● **REQUIREMENT**
What you give must be the lines from the one containing "WIN2019 STD+DELL R620" through the last line of the listing below, exactly, with nothing else and no pictures.
#### SOURCE DATA ####
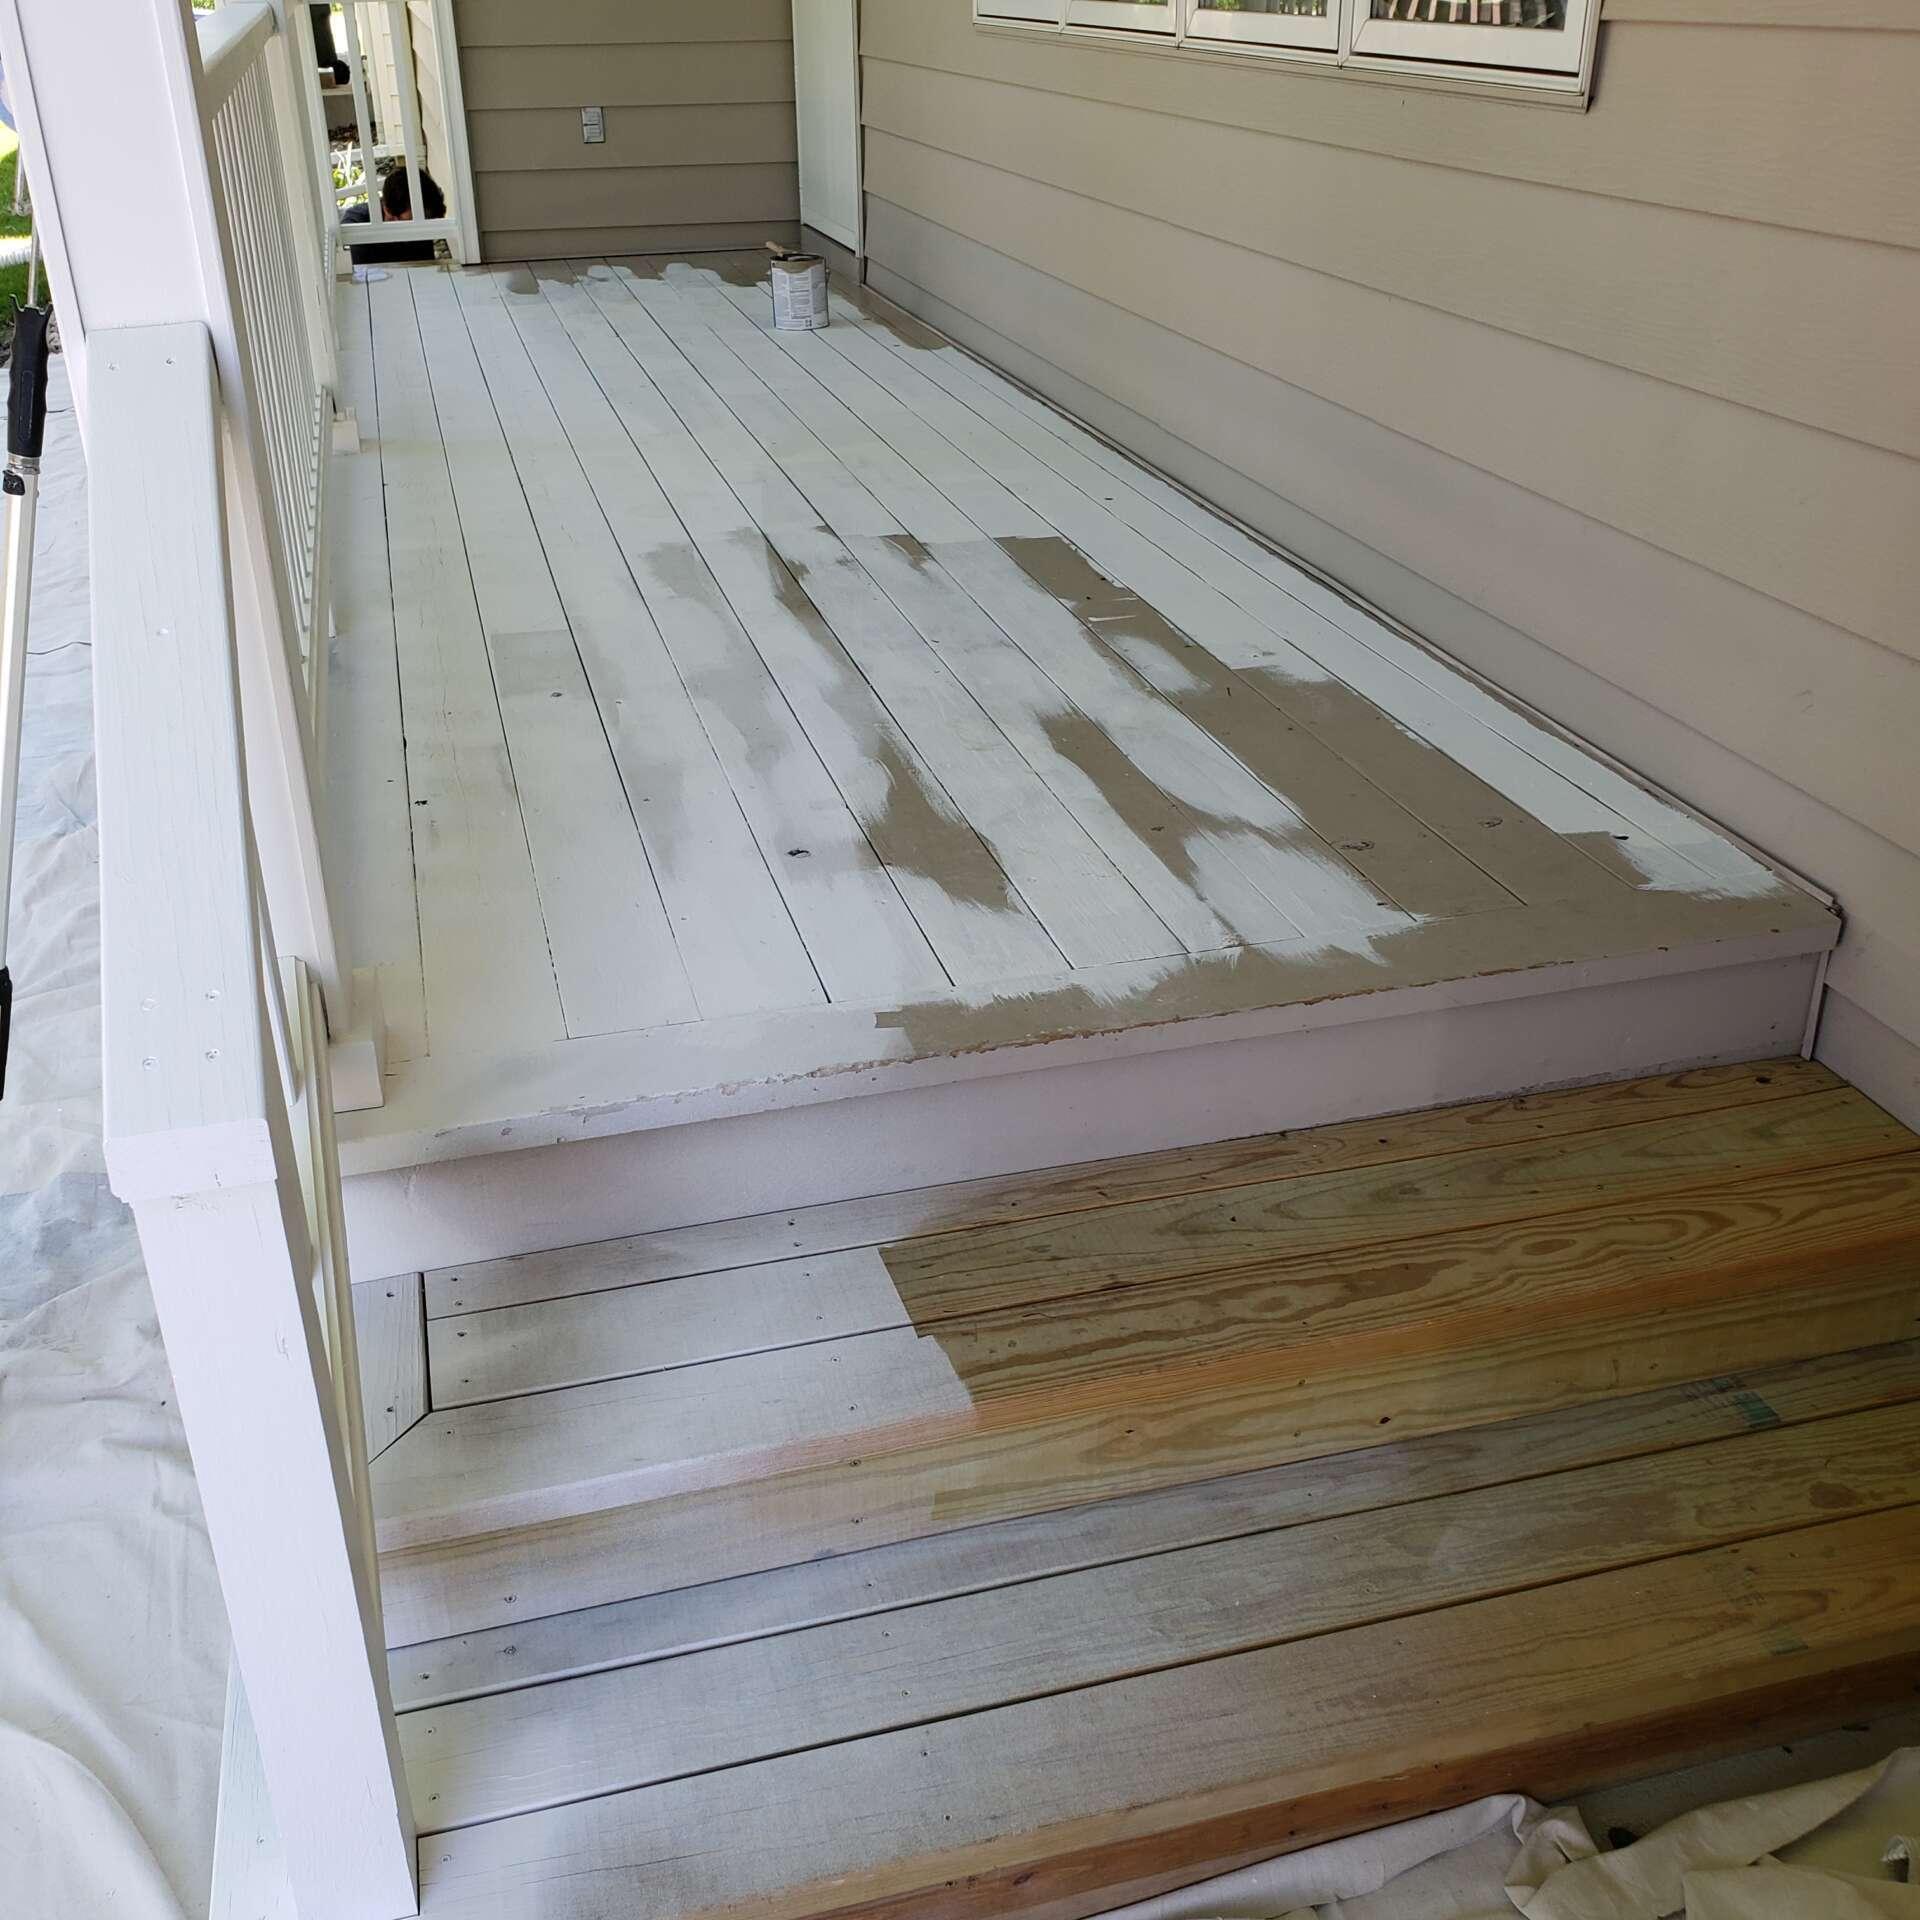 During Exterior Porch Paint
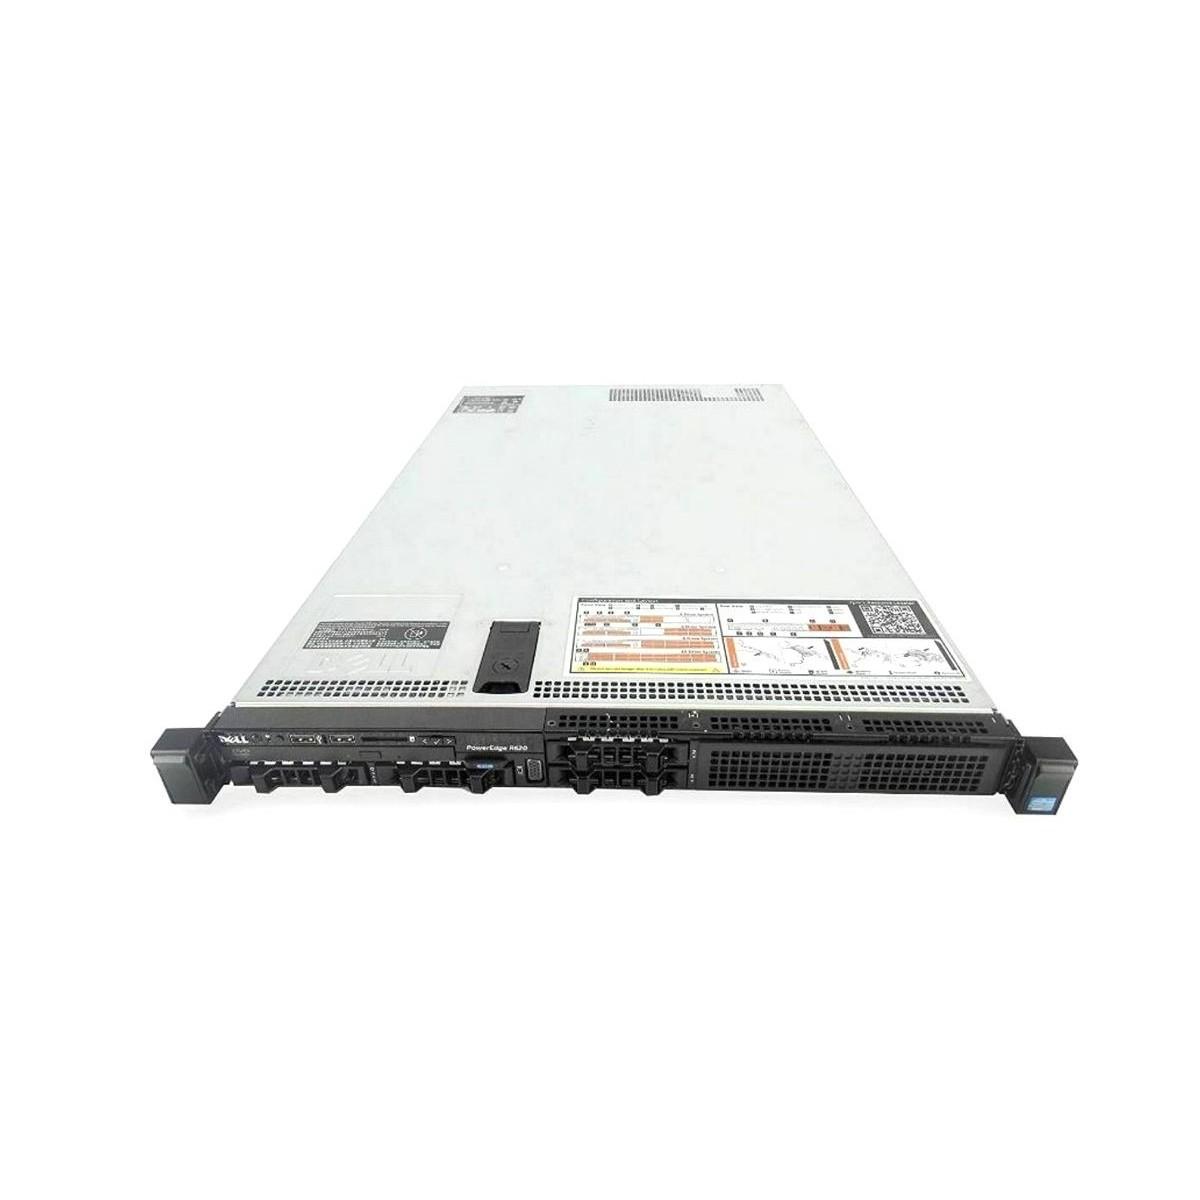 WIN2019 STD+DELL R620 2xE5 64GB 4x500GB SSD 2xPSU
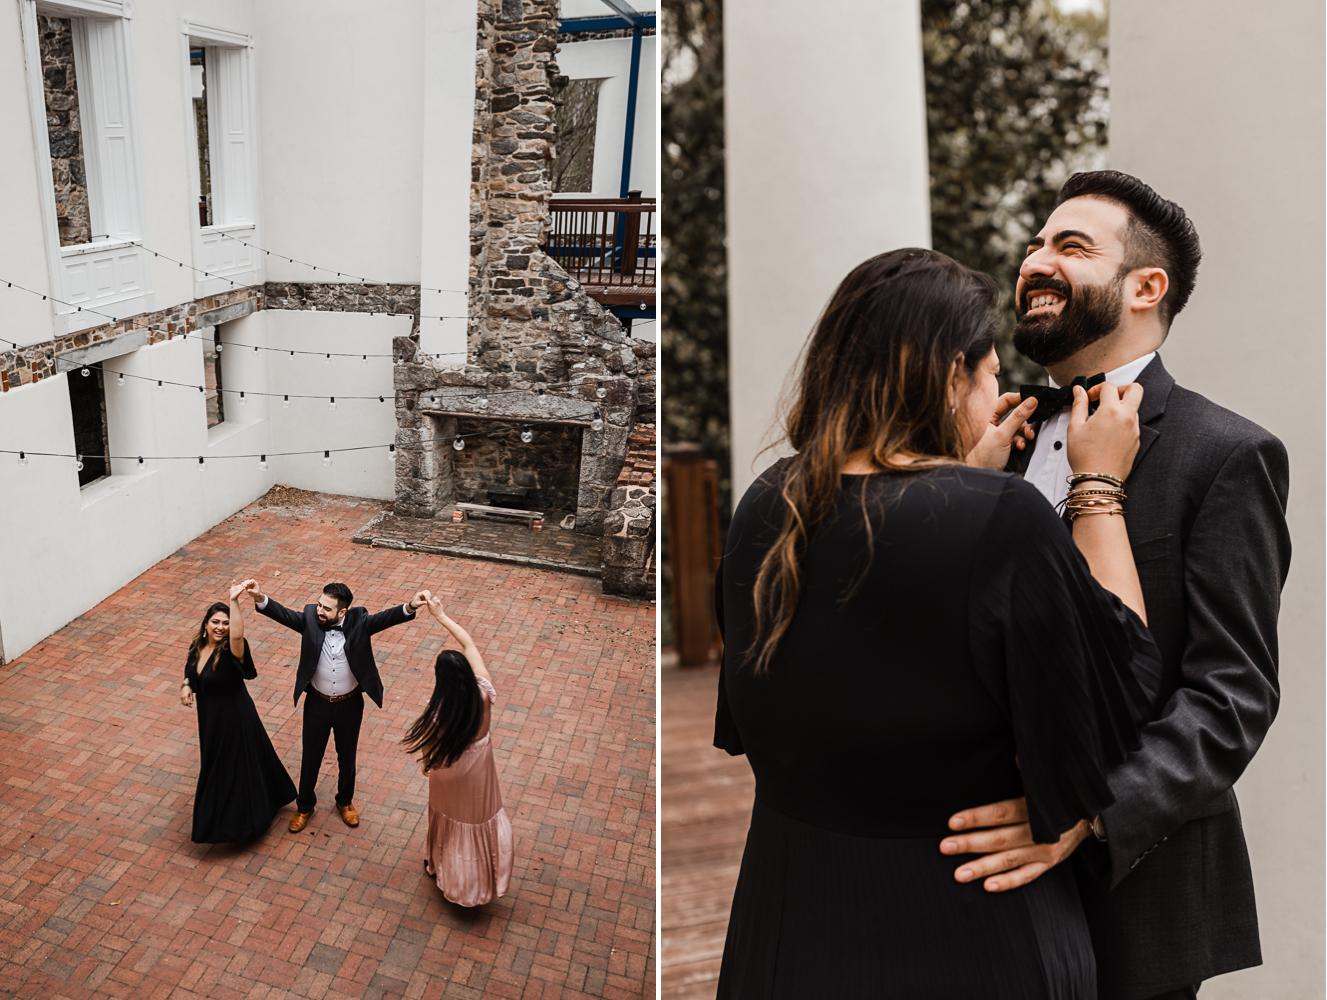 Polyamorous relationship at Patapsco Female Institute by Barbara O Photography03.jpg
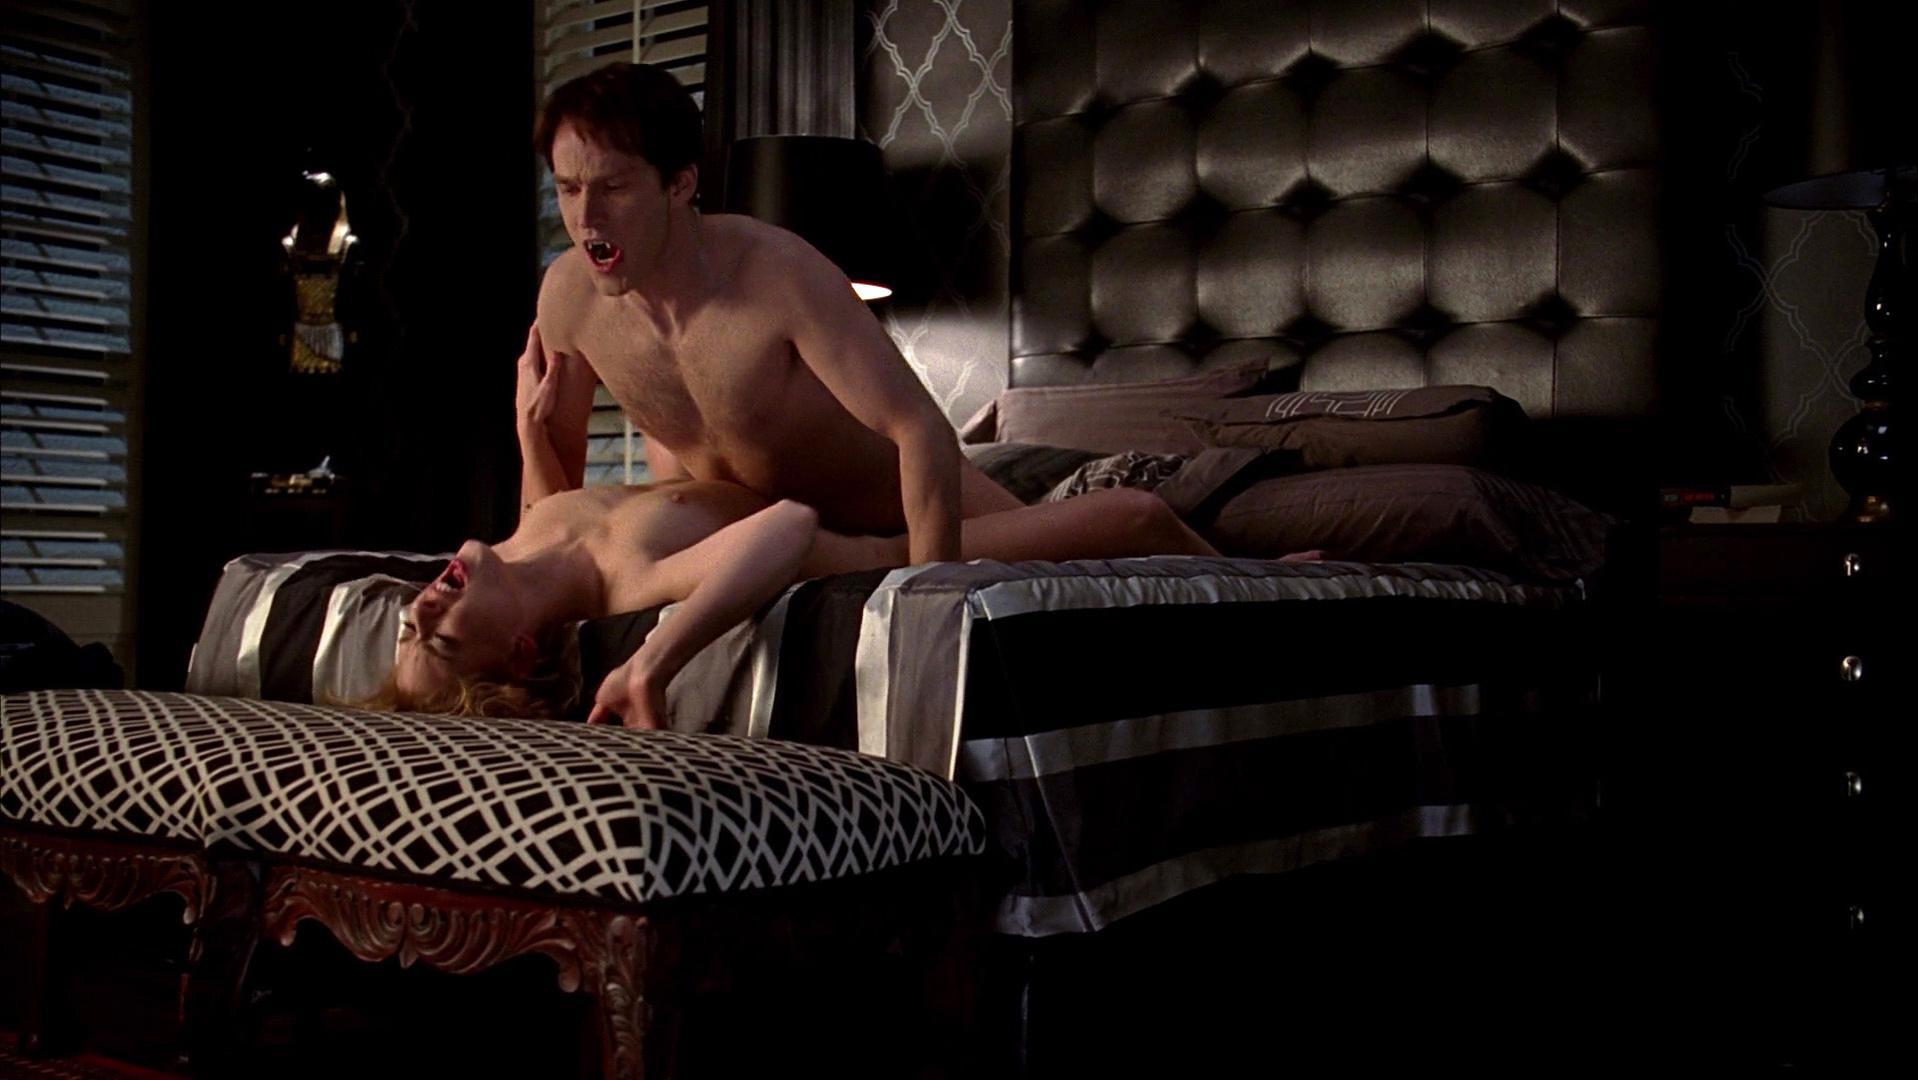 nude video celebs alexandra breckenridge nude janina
####
● **RESULT OF THIS TASK**
 WIN2019 STD+DELL R620 2xE5 64GB 4x500GB SSD 2xPSU
 Polyamorous relationship at Patapsco Female Institute by Barbara O Photography03.jpg
 nude video celebs alexandra breckenridge nude janina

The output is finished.